Four congressmen warned in a letter to the Federal Reserve:
Goldman Sachs, JP Morgan, and Morgan Stanley are no longer just banks – they have effectively become oil companies, port and airport operators, commodities dealers, and electric utilities as well. This is causing unforeseen problems for the industrial sector of the economy. For example, Coca Cola has filed a complaint with the London Metal Exchange that Goldman Sachs was hoarding aluminum. JP Morgan is currently being probed by regulators for manipulating power prices in California, where the “bank” was marketing electricity from power plants it controlled. We don’t know what other price manipulation could be occurring due to potential informational advantages accruing to derivatives dealers who also market and sell commodities. The long shadow of Enron could loom in these activities.
These financial services companies have become global merchants that seek to extract rent from any commercial or financial business activity within their reach. They have used legal authority in Graham-Leach-Bliley to subvert the “foundational principle of separation of banking from commerce”. This shift has many consequences for our economy, and for bank regulators. We wonder how the Federal Reserve is responding to this shift.

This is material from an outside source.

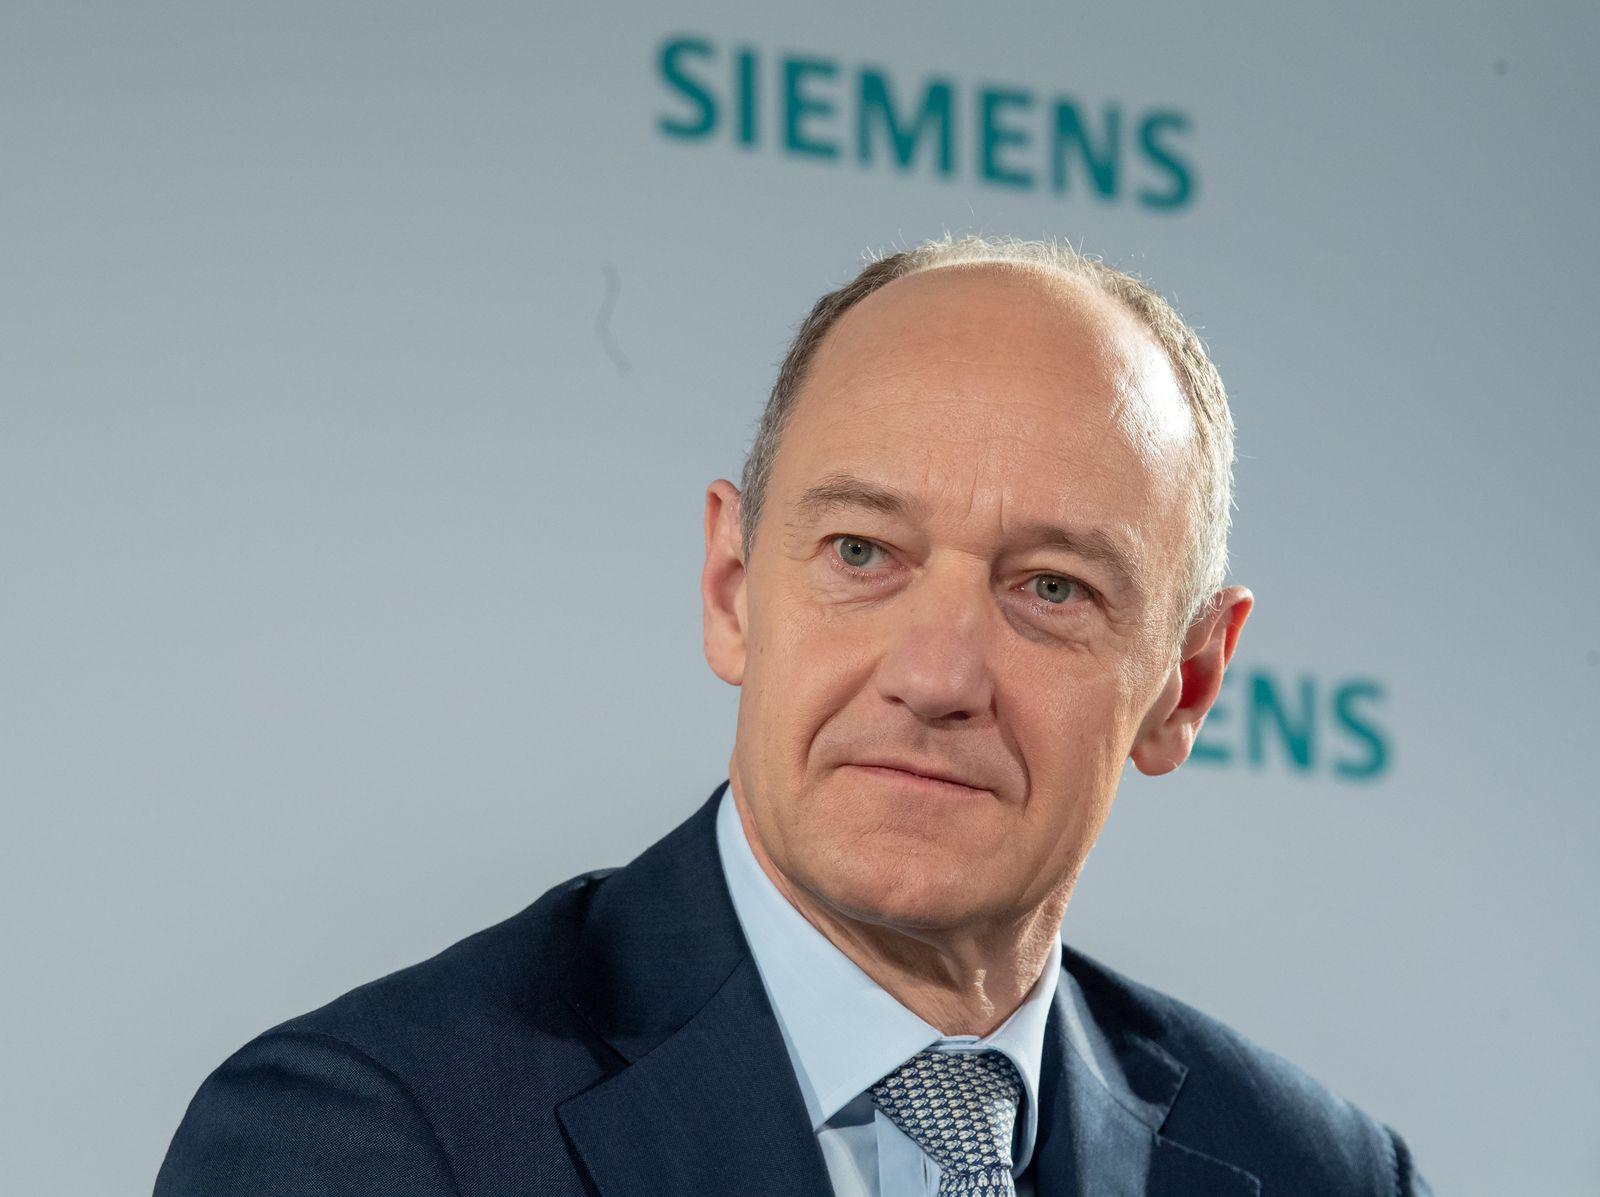 Siemens-Chefsessel

It seems like there is a significant macro-economic risk in having a massive entity like, say JP Morgan, both issuing credit cards and mortgages, managing municipal bond offerings, selling gasoline and electric power, running large oil tankers, trading derivatives, and owning and operating airports, in multiple countries. Such a dramatic intertwining of the industrial economy and supply chain with the financial system creates systemic risk, since there is effectively no regulatory entity that can oversee what is happening within these sprawling global entities.
We’ve been proven right.
The New York Times reported yesterday that Goldman Sachs has been scalping consumers of billions of dollars by manipulating the amount it charges to warehouse aluminum in its storage facilities.
And the Times notes that Goldman and JP Morgan are doing the same thing with copper. Break up the big banks, or they will continue to take over and manipulate more and more of the economy … increasing their profits while making everyone else poorer.